I'm still in the progress of training models on this dataset; of course, generating the dataset is only half of the problem, but I'm happy enough with the quality that I'd like to share it more broadly. I'll update this post as I train the models and get results.
Takeaways
- Forgive errors when possible, and validate logs constantly. I had to stop the dataset every 1k rows or so to check for errors in formatting, etc; early on I hadn't asked the model to generate a detailed enough tool call, leading to a high percentage of completions that were just "I don't know" or "I can't help with that". Other issues are more subtle - such as slight re-phrasings leading to duplicate completions for totally different use cases.
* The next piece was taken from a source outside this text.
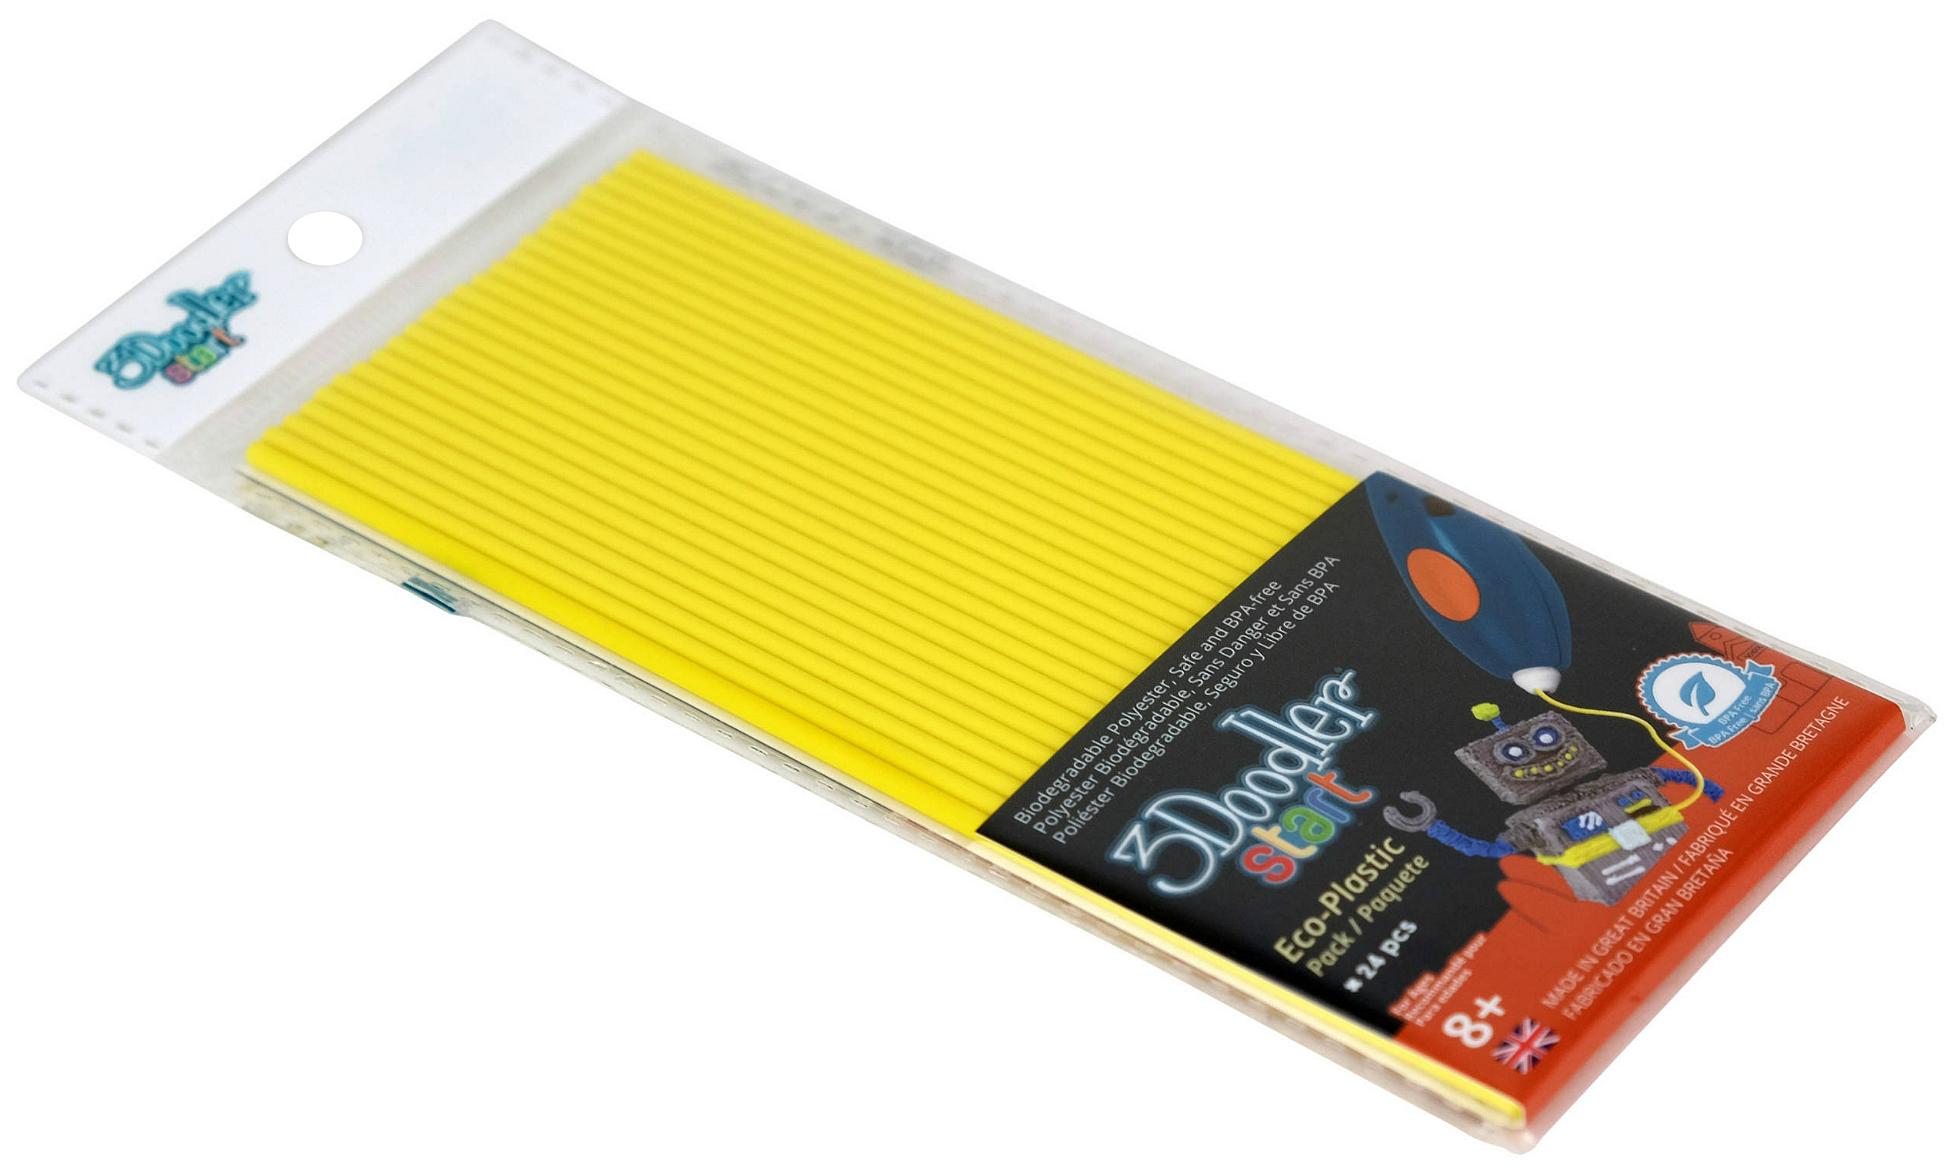 Купить Эко-пластик к 3Д ручке 3Doodler Start, цвет желтый 24 шт, Wobble Works, 3D ручки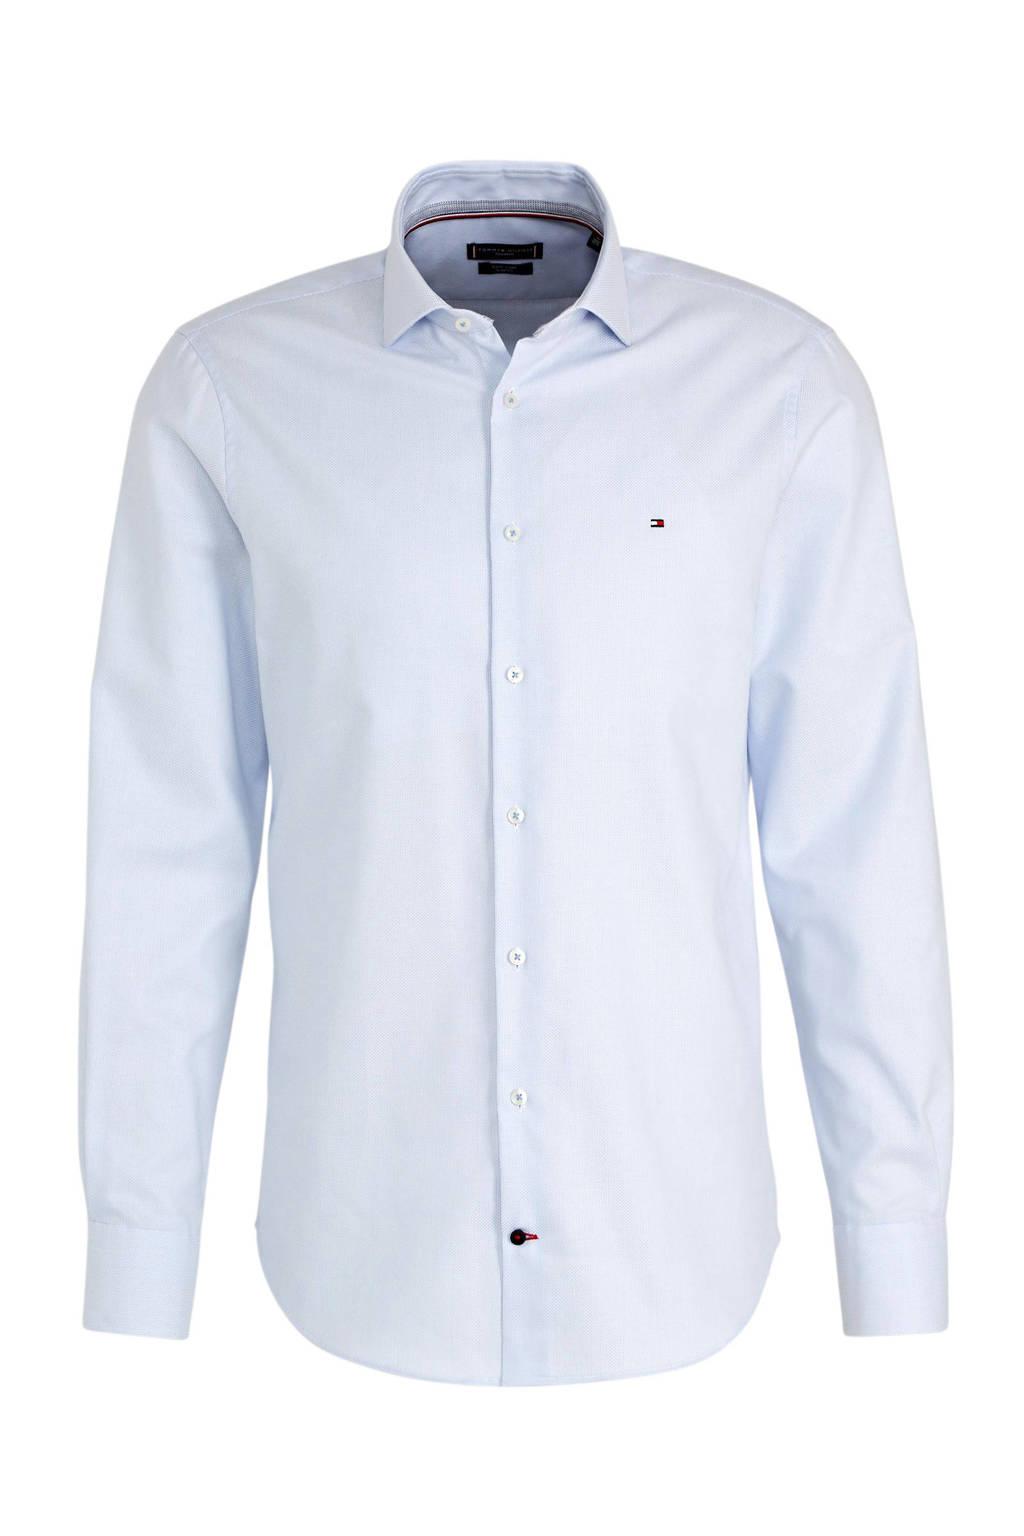 Tommy Hilfiger Tailored slim fit overhemd lichtblauw, Lichtblauw

- For most inference providers, you can find their throughput cap, and progressively batch, rather than using a fixed batch size. This really helped with speeding up generation; I added a basic falloff system to avoid getting rate limited as well.
Example rows
Seed dataset (found here):
Tool | User Question | Tool Call | Agent Response |
---|---|---|---|
{'name': 'find_timezone', 'description': '', 'parameters': {...} | Find the timezone of Tokyo | {'location': 'Tokyo, Japan'} | The timezone of Tokyo, Japan is Asia/Tokyo. |
{'name': 'sunrise_sunset_times', 'description': '', 'parameters': {...} | What time will the sun rise and set in Los Angeles on July 15, 2022? | {'location': 'Los Angeles', 'date': '2022-07-15'} | On July 15, 2022, in Los Angeles, the sun is estimated to rise at 5:45 AM and set at 8:15 PM. |
DPO pairs (found here):
Tool | User Question | Tool Call | Negative Tool Call | Agent Response | Negative Response |
---|---|---|---|---|---|
{'name': 'find_timezone', 'description': '', 'parameters': {...} | Find the timezone of Tokyo | {'location': 'Tokyo, Japan'} | N/A | The timezone of Tokyo, Japan is Asia/Tokyo. | I'm sorry, I couldn't find the timezone for Tokyo. |
{'name': 'sunrise_sunset_times', 'description': '', 'parameters': {...} | What time will the sun rise and set in Los Angeles on July 15, 2022? | {'position': 'Los Angeles' | N/A | N/A | I'm sorry, the request made failed and I couldn't return the time for sunrise and sunset in Los Angeles on July 15, 2022. |
Note the incorrect parameters in the second negative tool call, and the lack of a tool call in the first negative tool call.